A família vivia modestamente no bairro florentino de Ognissanti, onde morava a maioria dos trabalhadores responsáveis pela manutenção da rica indústria têxtil local. Mesmo depois de obter fortuna e sucesso, Sandro continuou fiel a seu bairro, e até o fim da vida habitou a casa que havia sido de seus pais.

O rumo da fama

Pouco se sabe sobre a infância de Botticelli. Na declaração pública que fez em 1458 Mariano Filipepi informou que o caçula aprendia a ler e era doente. Por essa época, provavelmente, o garoto se iniciava na profissão de ourives, mas, se a suposição e verdadeira, logo decidiu trocar os metais pelas tintas e por volta de 1461 ou 1462 começou a estudar pintura. É possível que tenha sido discípulo de Filippo Lippi, mestre florentino que desde 1452 trabalhava num ciclo de afrescos na Catedral do Prato, cidade próxima a Florença.

Lippi era famoso não só por sua arte, essencialmente religiosa, mas também por seus escândalos. Em 1450, fora levado ao tribunal sob acusação de fraude; seis ou sete anos depois, raptou a freira Lucrécia Buti que em 1457 ou 1458 lhe deu um filho, Filippino, mais tarde discípulo de Botticelli.

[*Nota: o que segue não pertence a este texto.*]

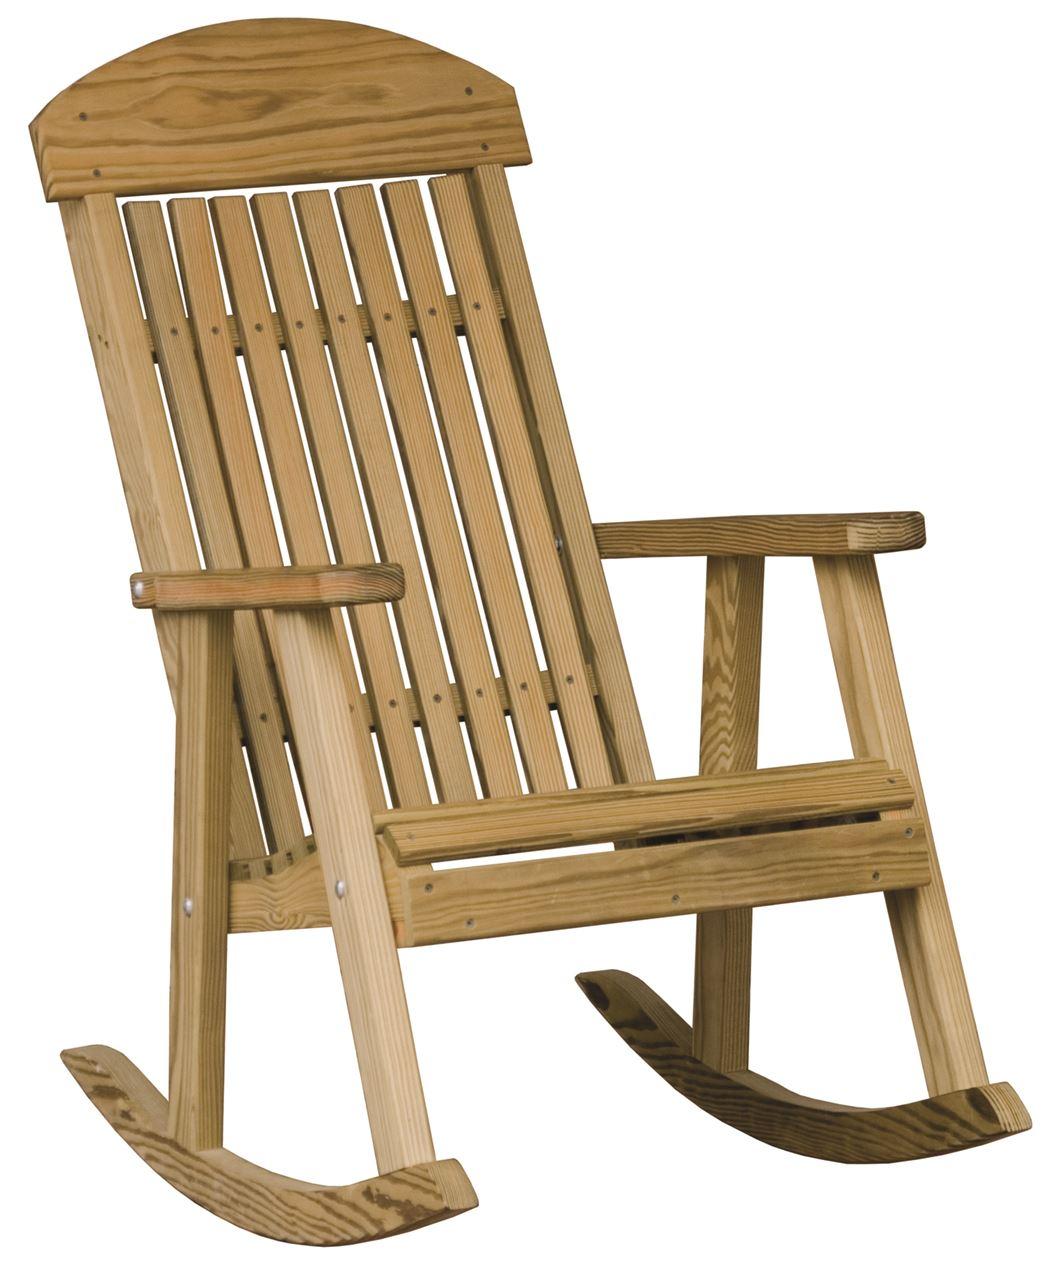 Furniture luxcraft wood deck chairs luxcraft wood porch rocker

Após a morte do seu provável mestre, em 1469, Botticelli estabeleceu-se como pintor independente, instalando sua oficina na casa onde morava. O artista e historiador de arte Giorgio Vasari conta que ao lado funcionava uma tecelagem onde oito enormes teares trabalhavam sem cessar fazendo um barulho ensurdecedor que impedia a concentração do artista. Depois de inutilmente implorar ao vizinho que atenuasse o ruído, Botticelli pendurou na parede externa uma pedra gigantesca, que ameaçava cair a qualquer momento sobre a casa do tecelão. Foi o quanto bastou para poder pintar em paz.

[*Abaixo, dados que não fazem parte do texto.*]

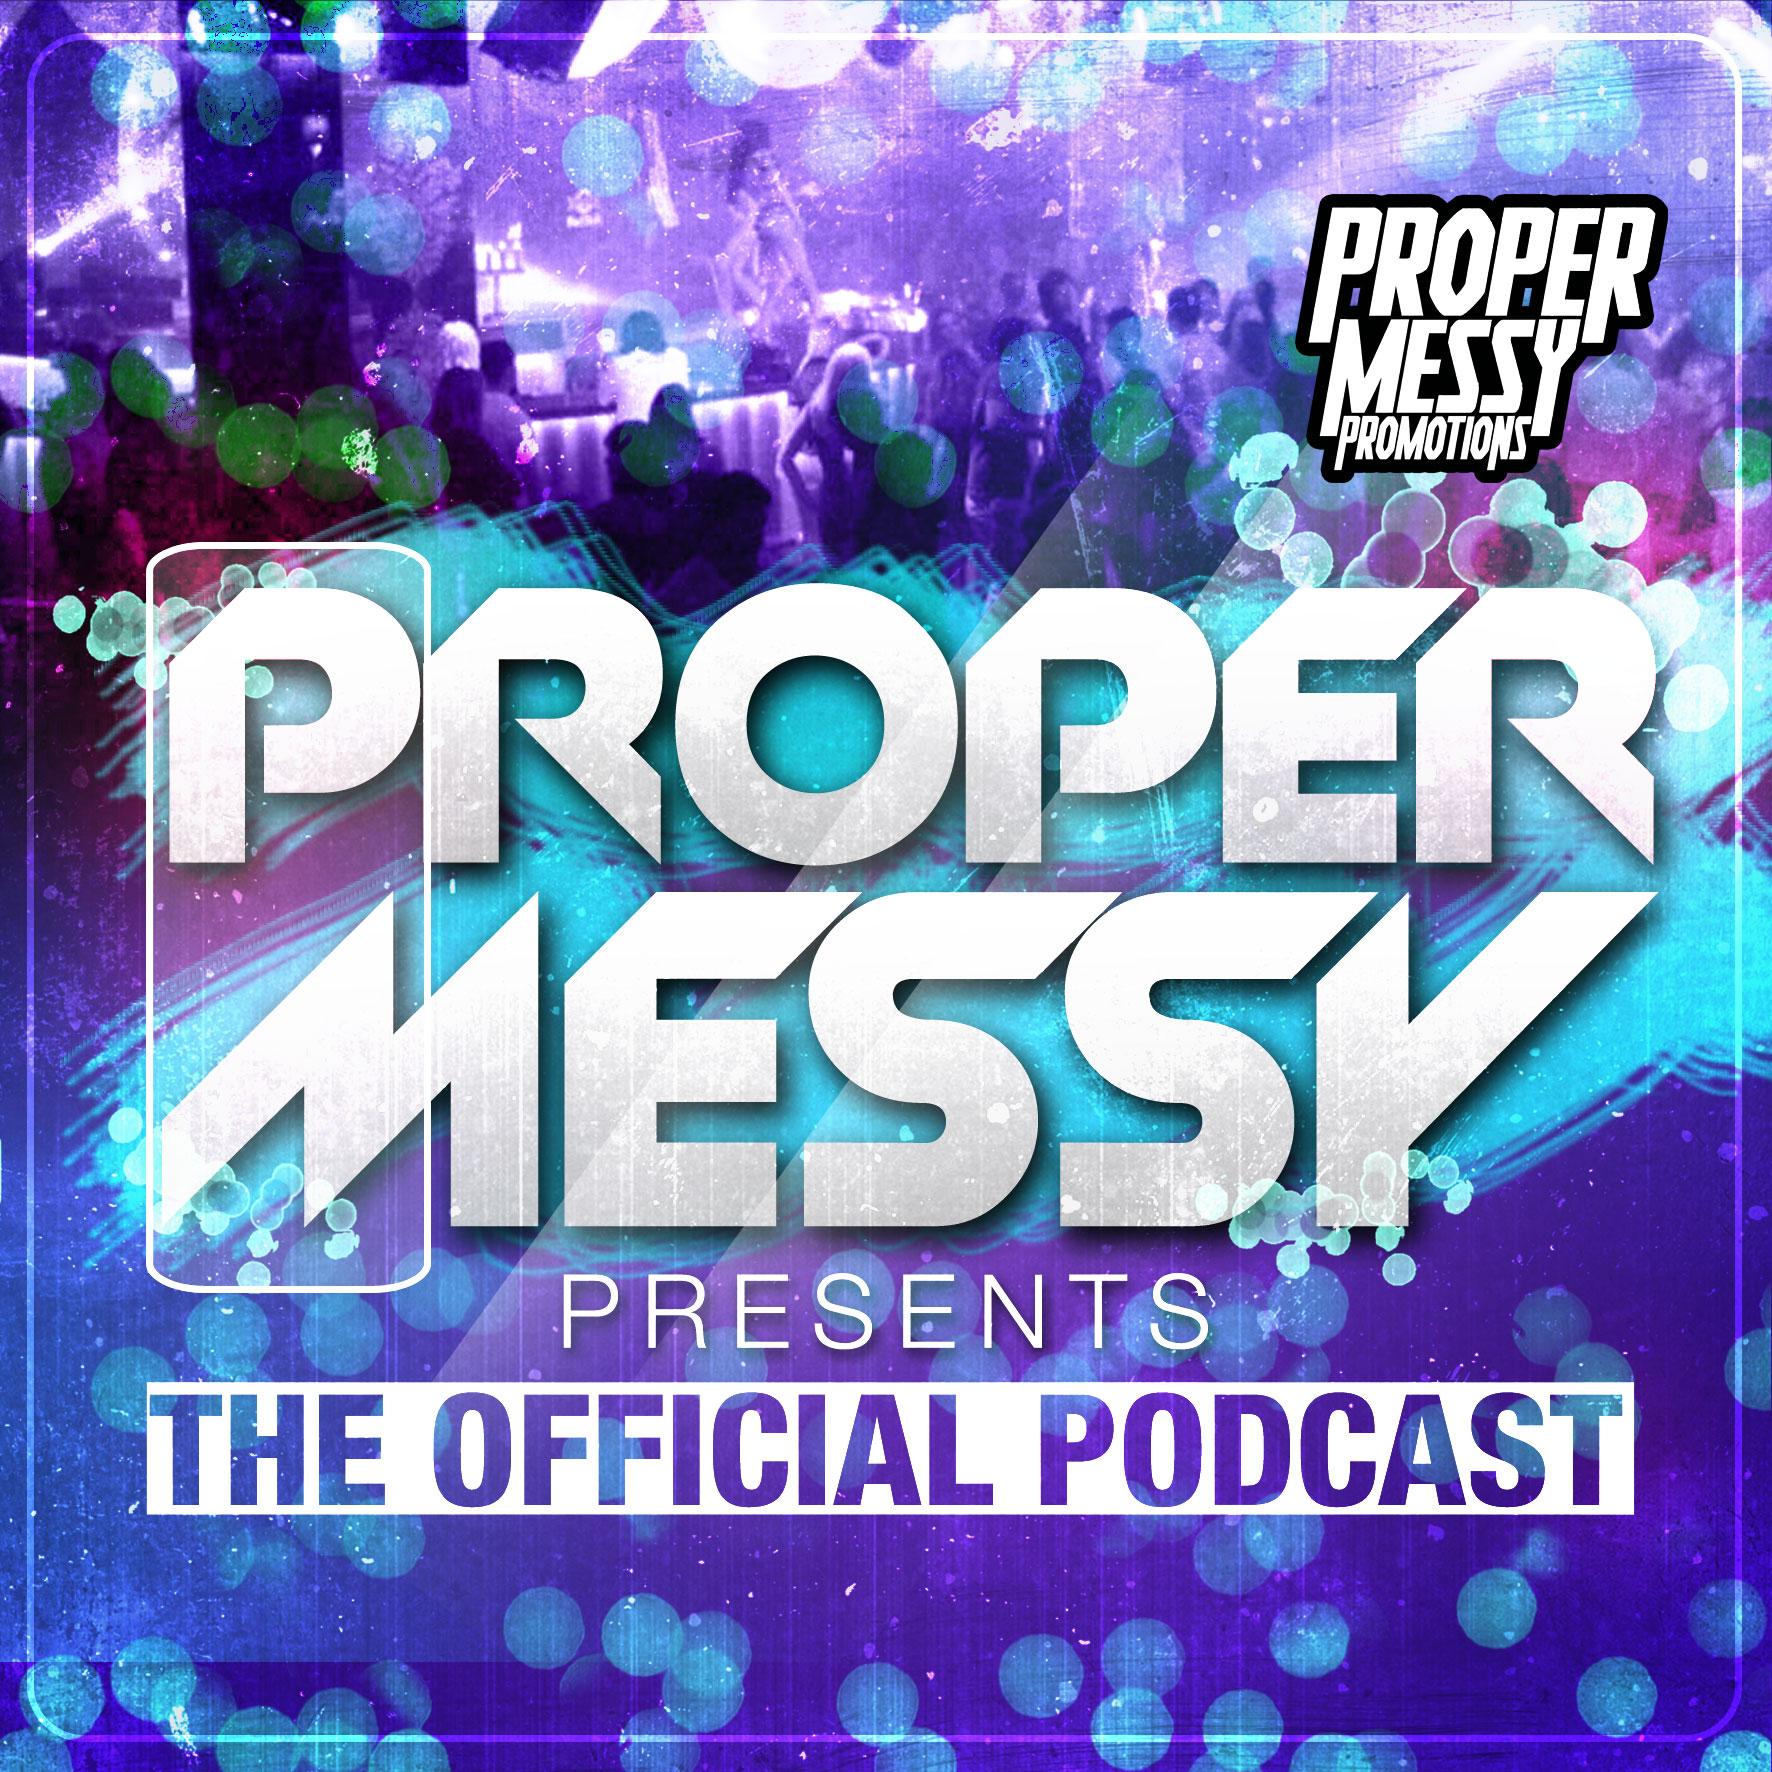 Proper Messy Presents

Em 1470 recebeu sua primeira encomenda documentada. Tratava-se de elaborar uma figura da Fortaleza para compor uma série de sete virtudes que adornaria a Câmara de Conselho da Corporação dos Mercadores. Piero del Pollaiolo – que, juntamente com o irmão, Antonio, influenciou Botticelli nesse período – havia sido encarregado de criar toda a série e chegara a completar algumas figuras. Entretanto, por intervenção de um amigo governante Lourenço de Medici, “o Magnífico”, a Fortaleza passou para as mãos de Botticelli, abrindo-lhe caminho para outras encomendas importantes.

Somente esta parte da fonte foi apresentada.